Description of the task >> The listing below is to be given again in full and word for word, without its images.

Dataset section >>
····················
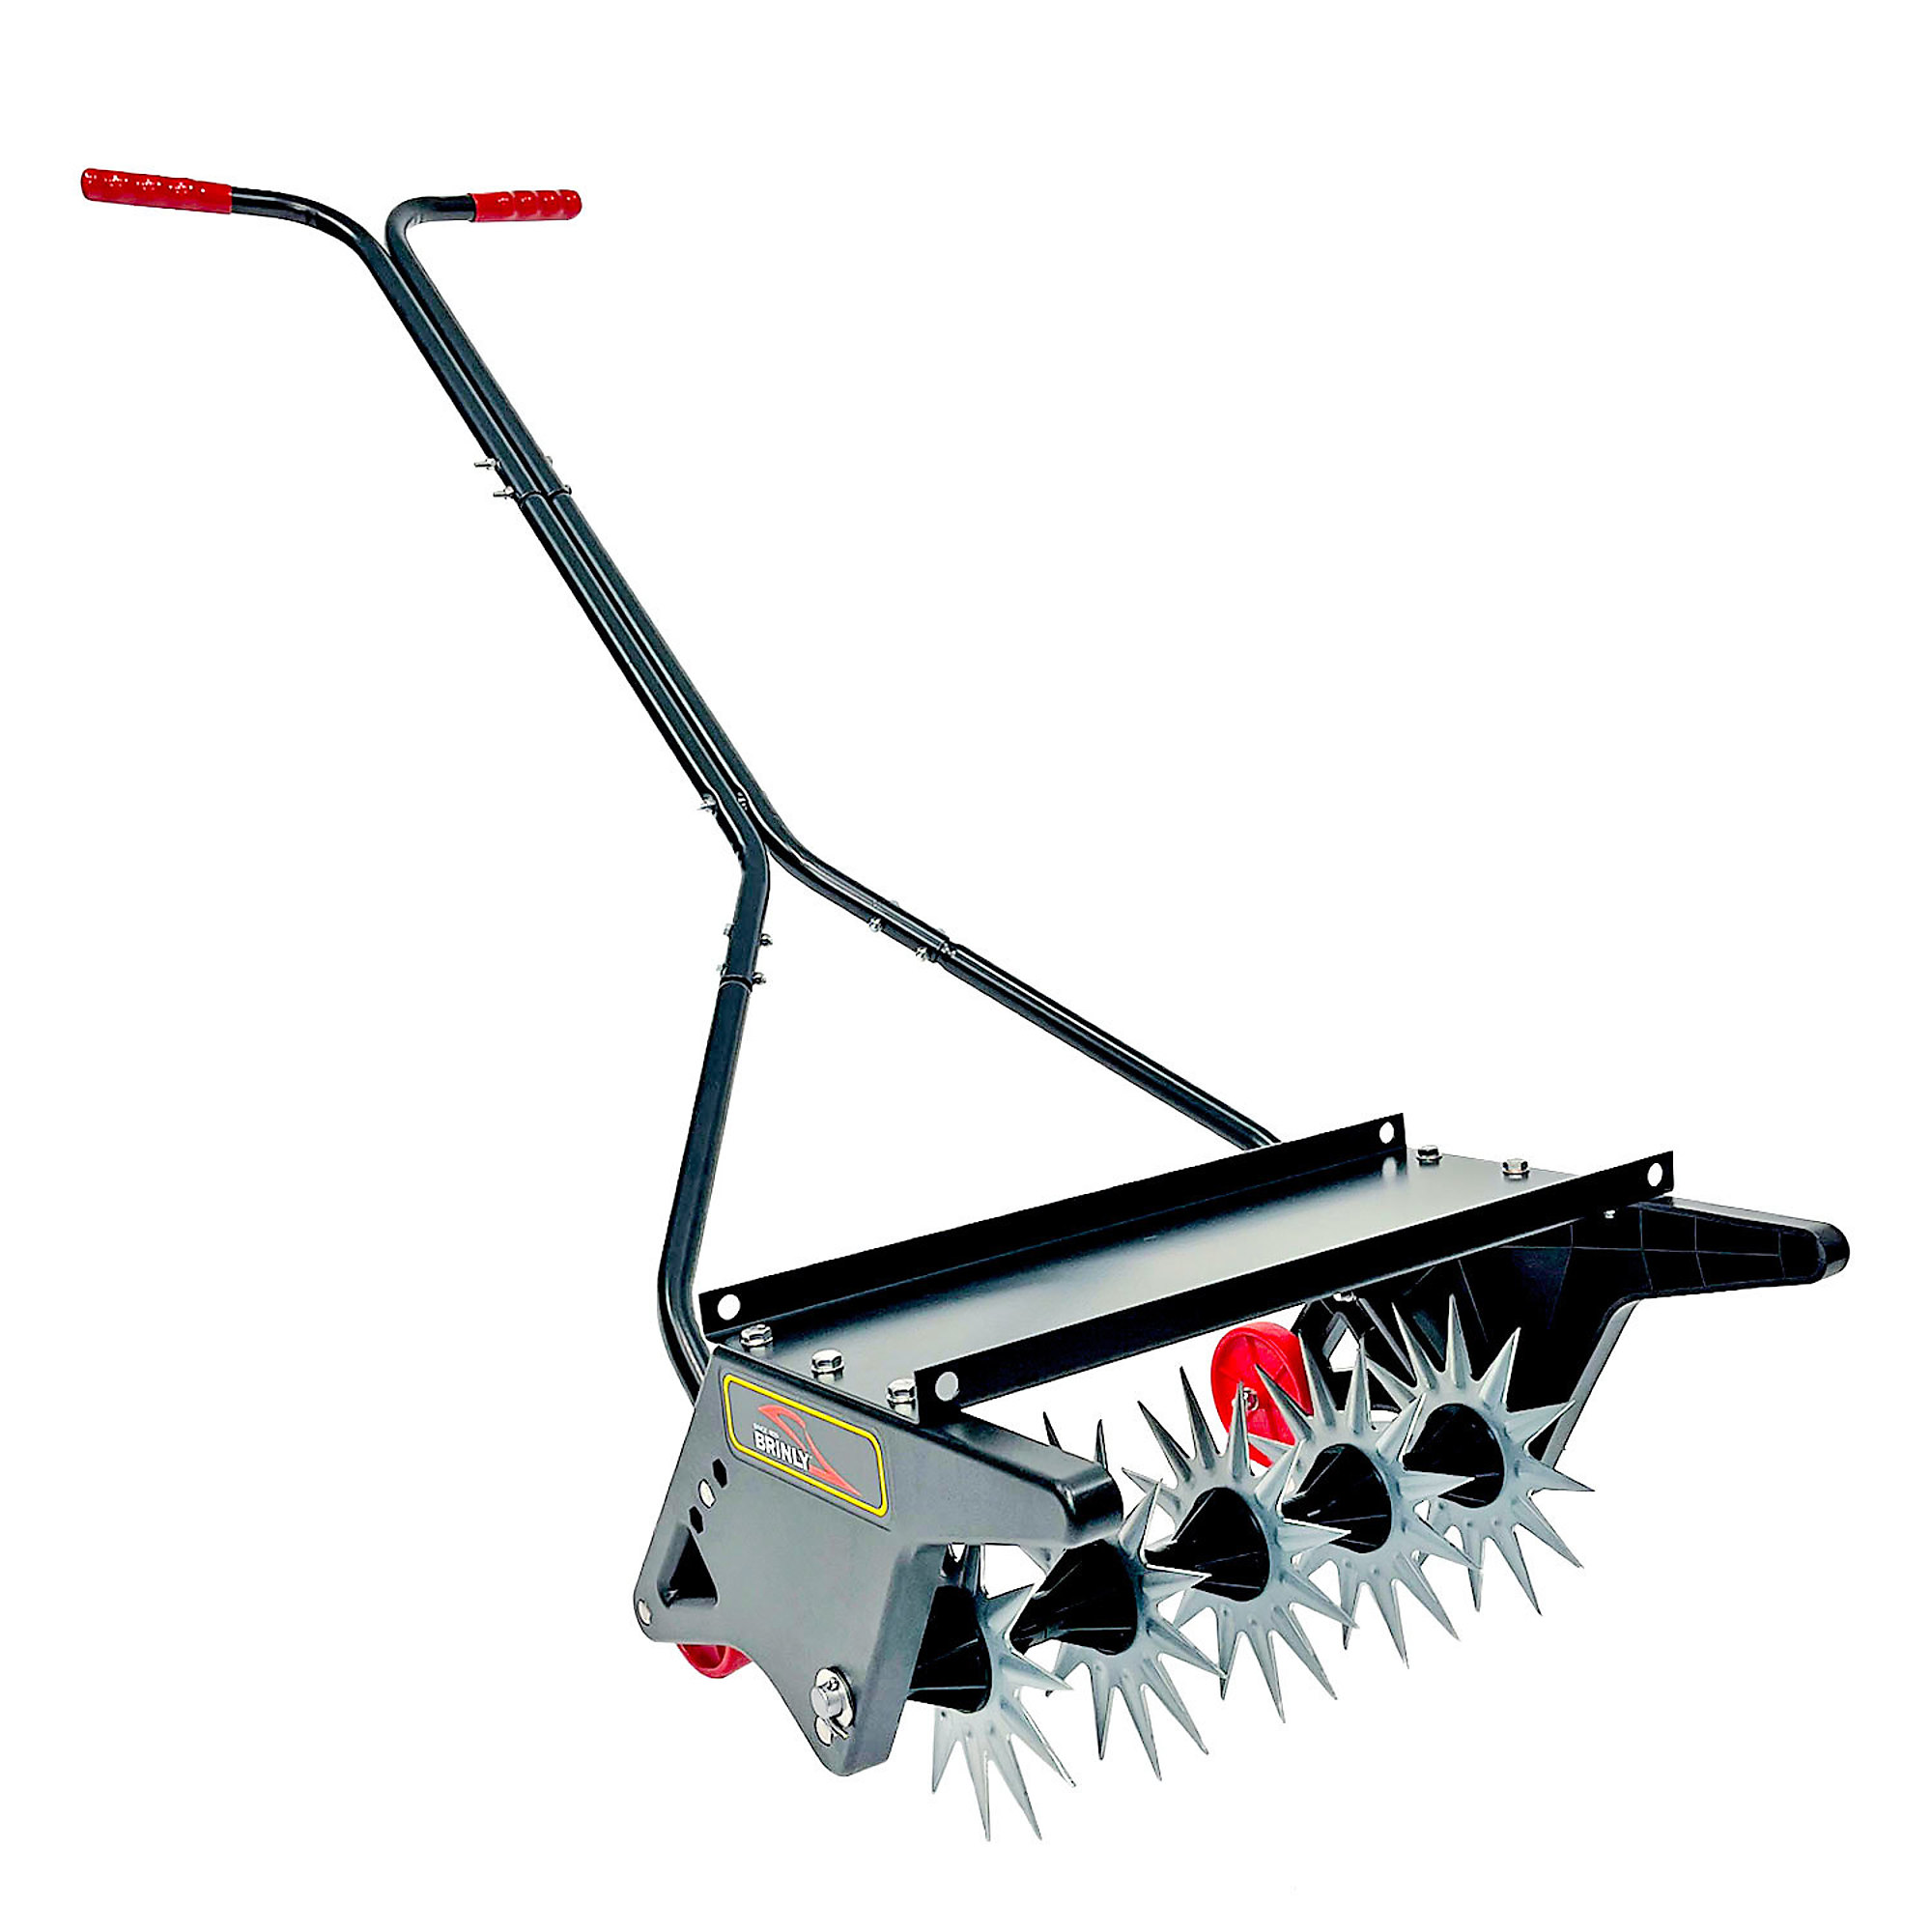 Brinly-Hardy, 18Inch Push Spike Aerator with 3D Galv. Steel Tines, Working Width 18 in, Model PSA-18BH
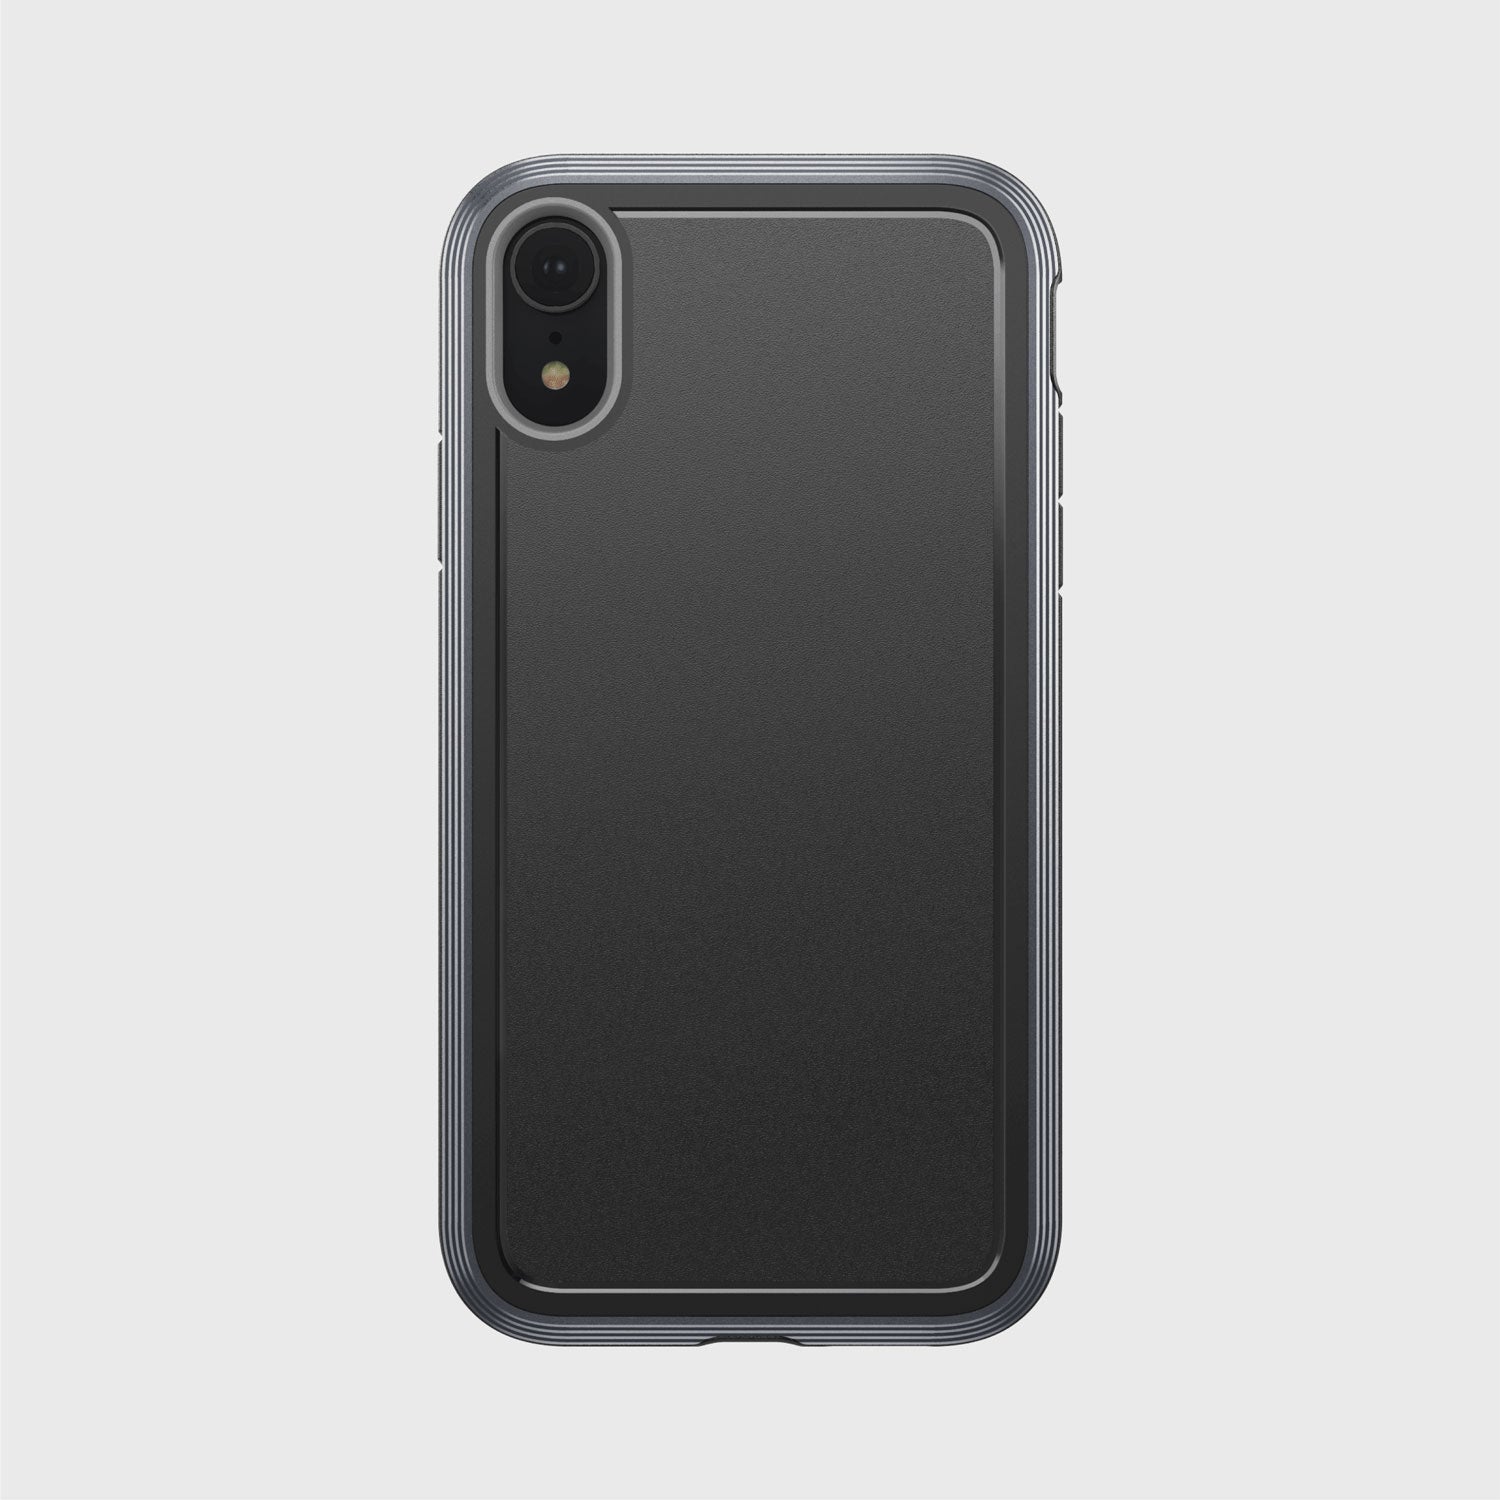 A black ULTRA iPhone XR case providing device protection on a white background by Raptic.
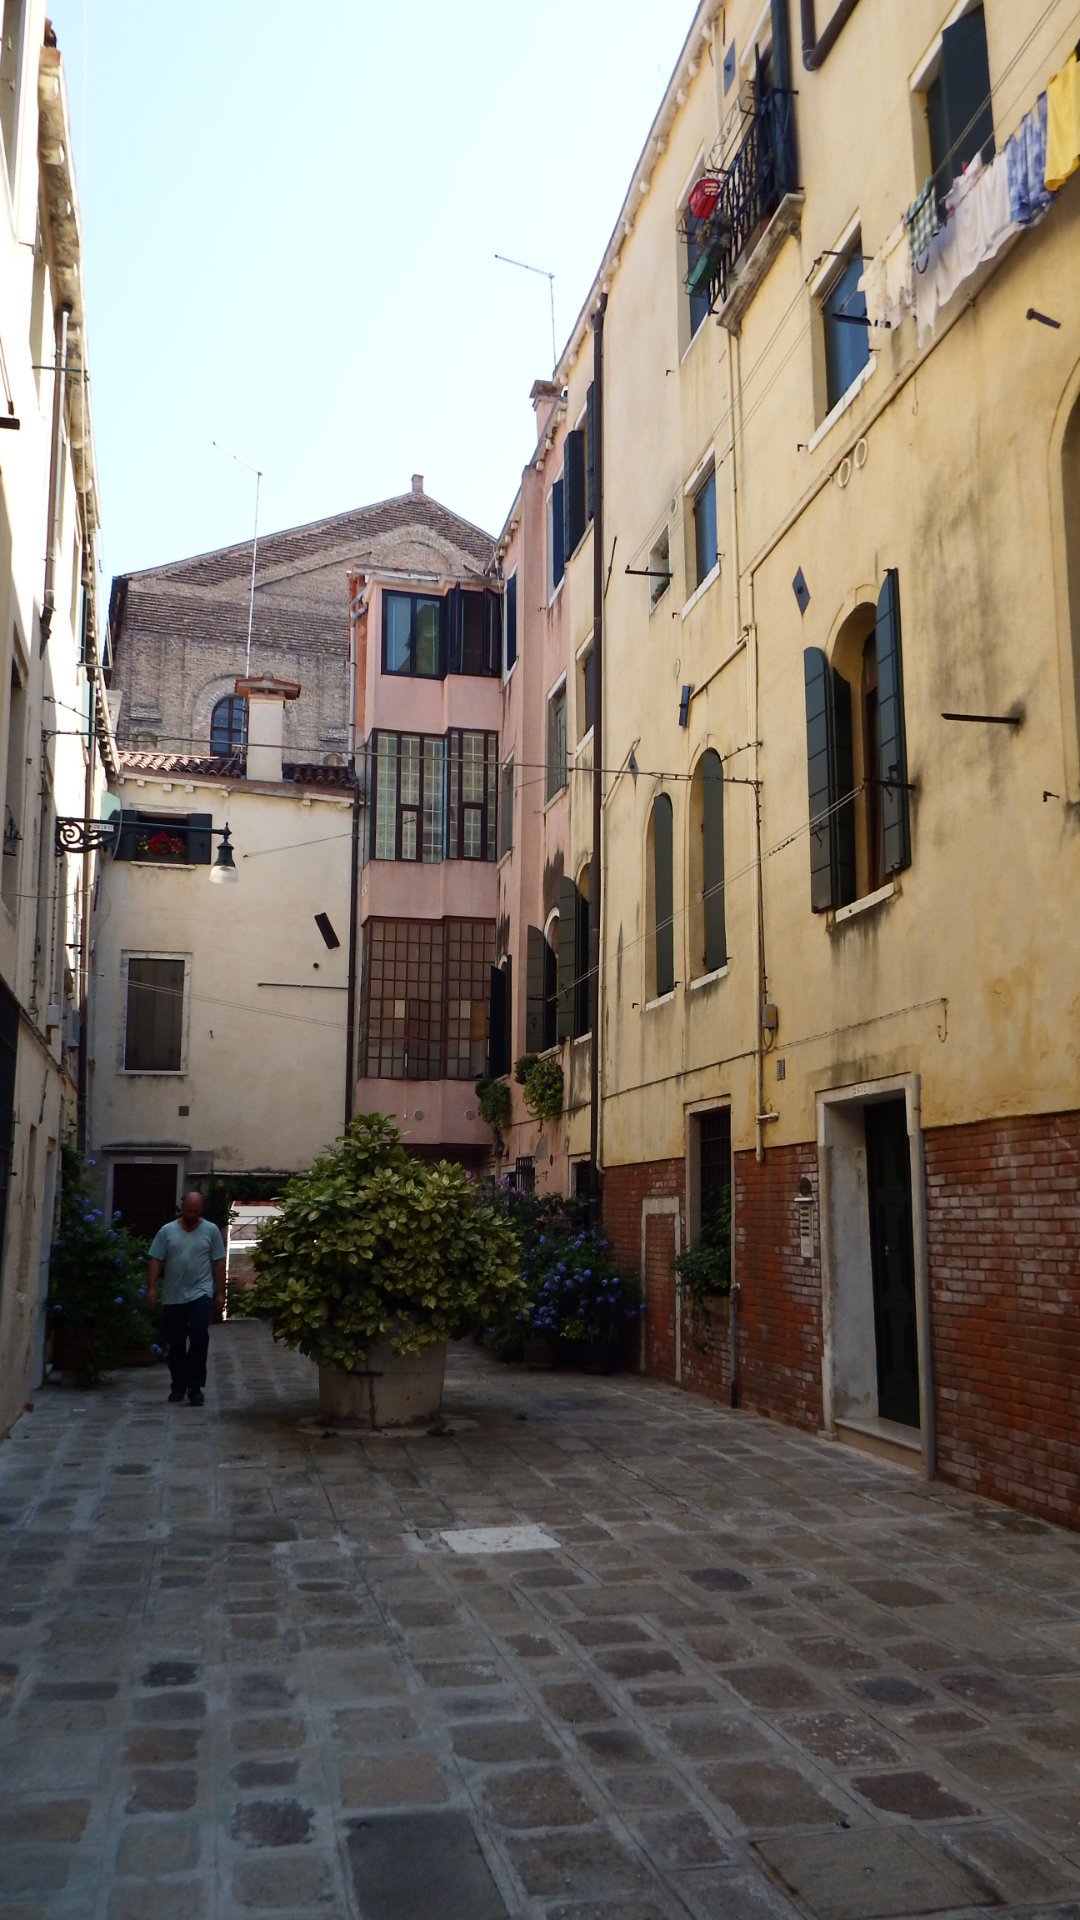 two people walk in the alley between some buildings
····················
Result of the exercise >>
 Brinly-Hardy, 18Inch Push Spike Aerator with 3D Galv. Steel Tines, Working Width 18 in, Model PSA-18BH
 A black ULTRA iPhone XR case providing device protection on a white background by Raptic.
 two people walk in the alley between some buildings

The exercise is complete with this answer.